Disculpen si dije cualquier cosa (es solo se un poco de electronica básica) pero siempre trato de enterder por mi cuenta antes de preguntar por cualquier cosa.

Saludos


----------



## Dr. Zoidberg (Oct 17, 2013)

Ahora no puedo ver el pdf por que tengo un "problemita informático", pero tenés que localizar primero las entradas Line-in (14 y 24) por que supongo que ahí estaba conectado el reproductor de CD que palmó (Según lo que contás). Supongo que la circuitería debe estar diseñada (sin ver el PCB estoy haciendo magia) para conectar el módulo del lector de CD directamente y con el switch puesto en CD deberían andar esas entradas. Si ESE es el caso, entonces con solo descolgar el CD y mandar las salidas del MP3 con una resistencia a masa cada una (tipo 100 ohms) a esas entradas, el bicho debería salir andando. En caso contrario no hay mucho mas que decir por la bola de cristal dejó de funcionar....


----------



## Exocet (Oct 17, 2013)

Hare unos útimos intentos , si no me funciona... la meto al potenciometro y que valla al ampli , aunque tendría que poner al equipo en modo radio y hacer un conmutador para por ejemplo cuando este abierta la tapa del cd corte la señal de la radio y entre la aux.

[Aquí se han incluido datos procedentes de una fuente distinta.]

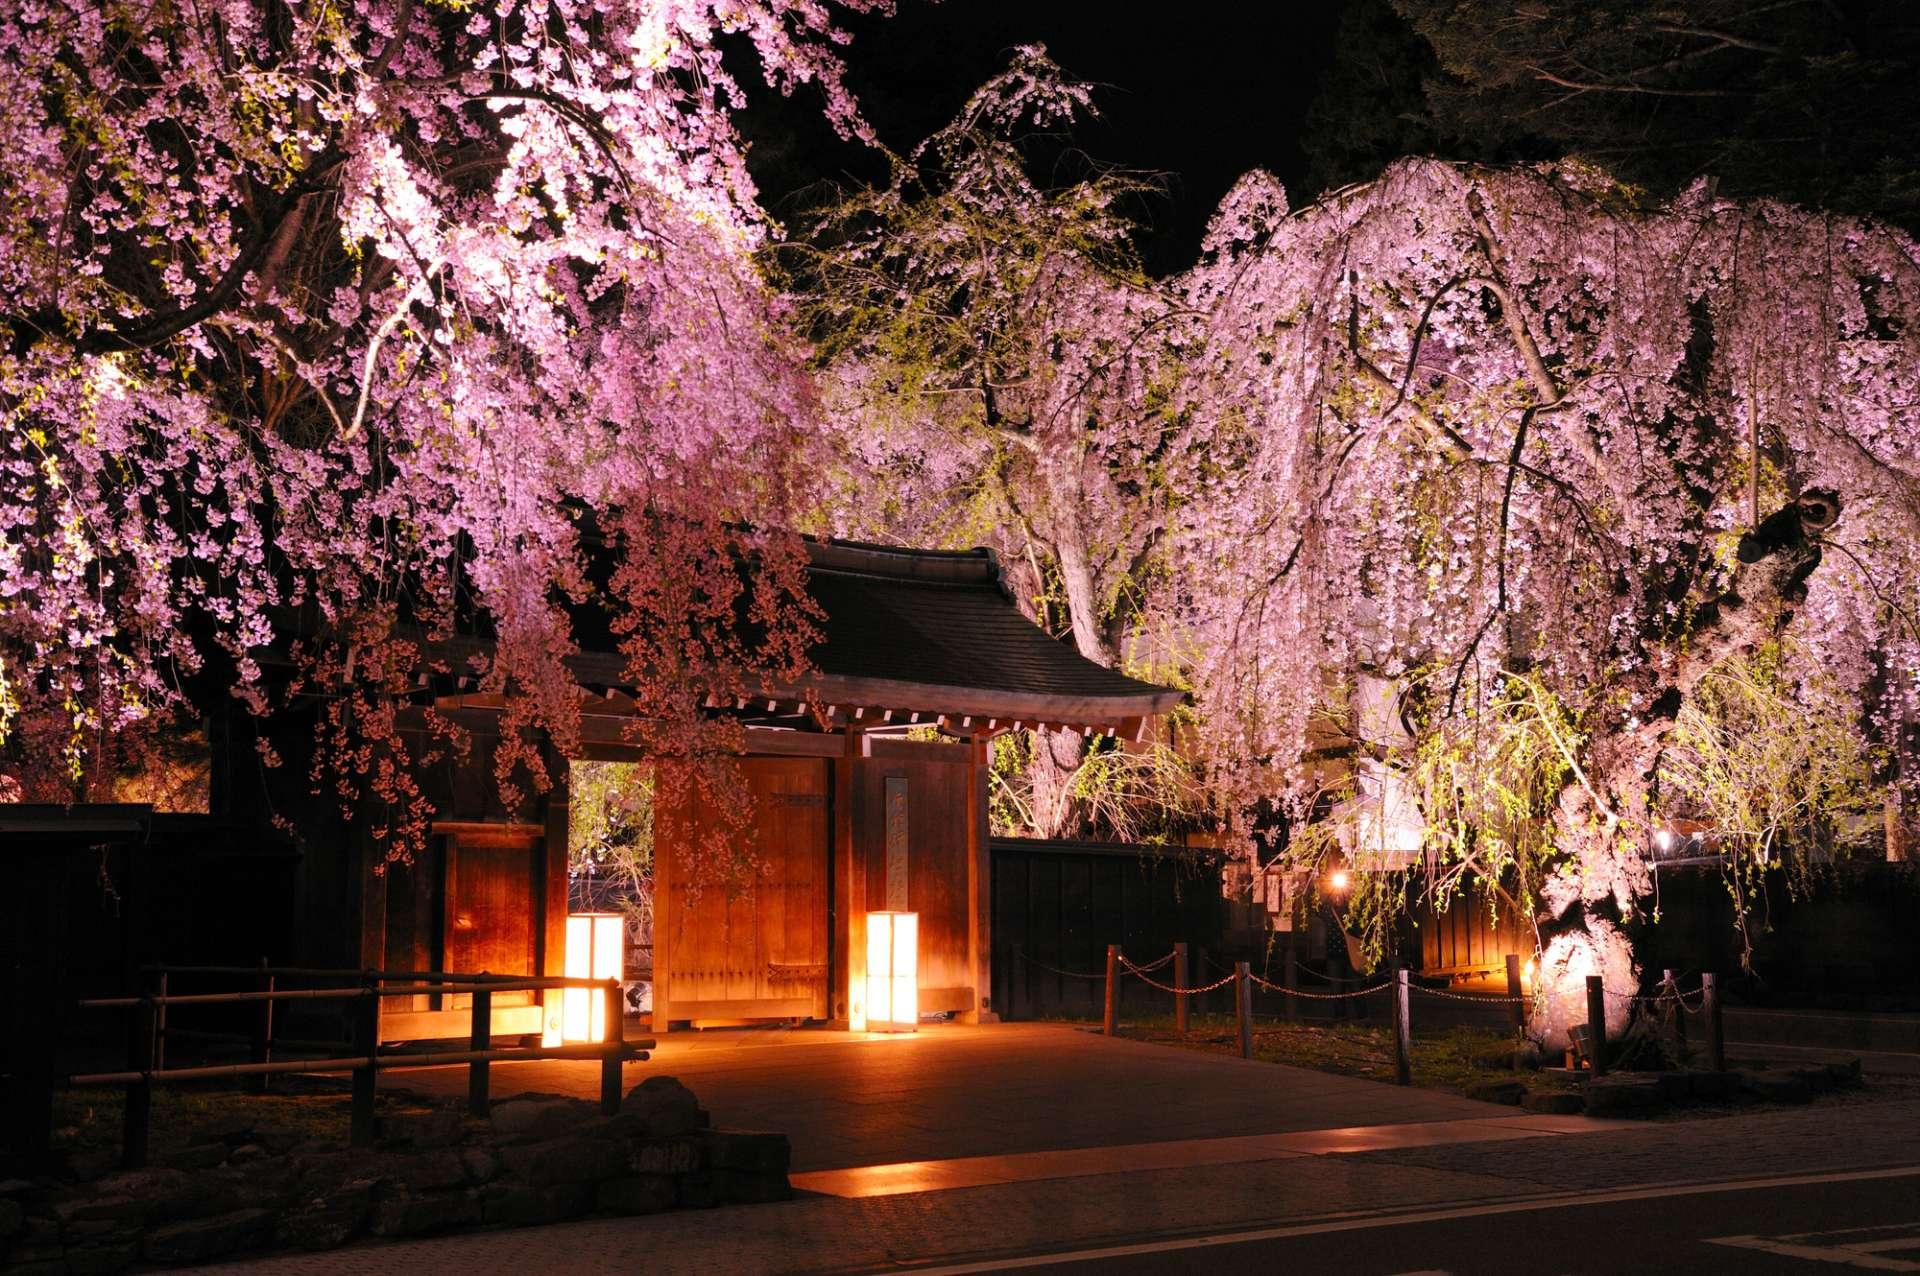 灯光映照下的樱花

Volvi a buscar los diagramas pero nada, el equipo es del '99 jaja.


----------



## DOSMETROS (Oct 17, 2013)

Sitios de esquematicos y manuales de servicio para descargar gratis


----------



## Exocet (Oct 17, 2013)

DOSMETROS dijo:


> Sitios de esquematicos y manuales de servicio para descargar gratis



Gracias dosmetros pero negativo.

Pueden creer que lo busque en todas las paginas y cuando encontraba si no era el manual de usuario el link estaba caido Dx 

Mañana seguire intentado y cuento.

Saludos a todos


----------



## analogico (Oct 17, 2013)

Exocet dijo:


> Busque los datasheet del que me mencionas, el del ampli, y el del equipo en si (el diagrama) este último no lo encontre ¿ débe ser por que es un miniequipito portatil sin importancia ? usa y tira ?. Bueno yo use el conector con el socalito que viene de la plaqueta del lector de cd's que vi que tenia unas entradas R AG R +B MD y MG , pele los cables R AG L (suponiendo lo ovbio) y los empalme a un cable con jack 3,5. Que justamente el L va a parar despues de una resistencia de 4,1 k y un capa electrolitico de 47µ 10v al pin 24 del TA2068N, que es la LINE IN 1 , del mismo modo para R que llega al pin 14 LINE IN 2.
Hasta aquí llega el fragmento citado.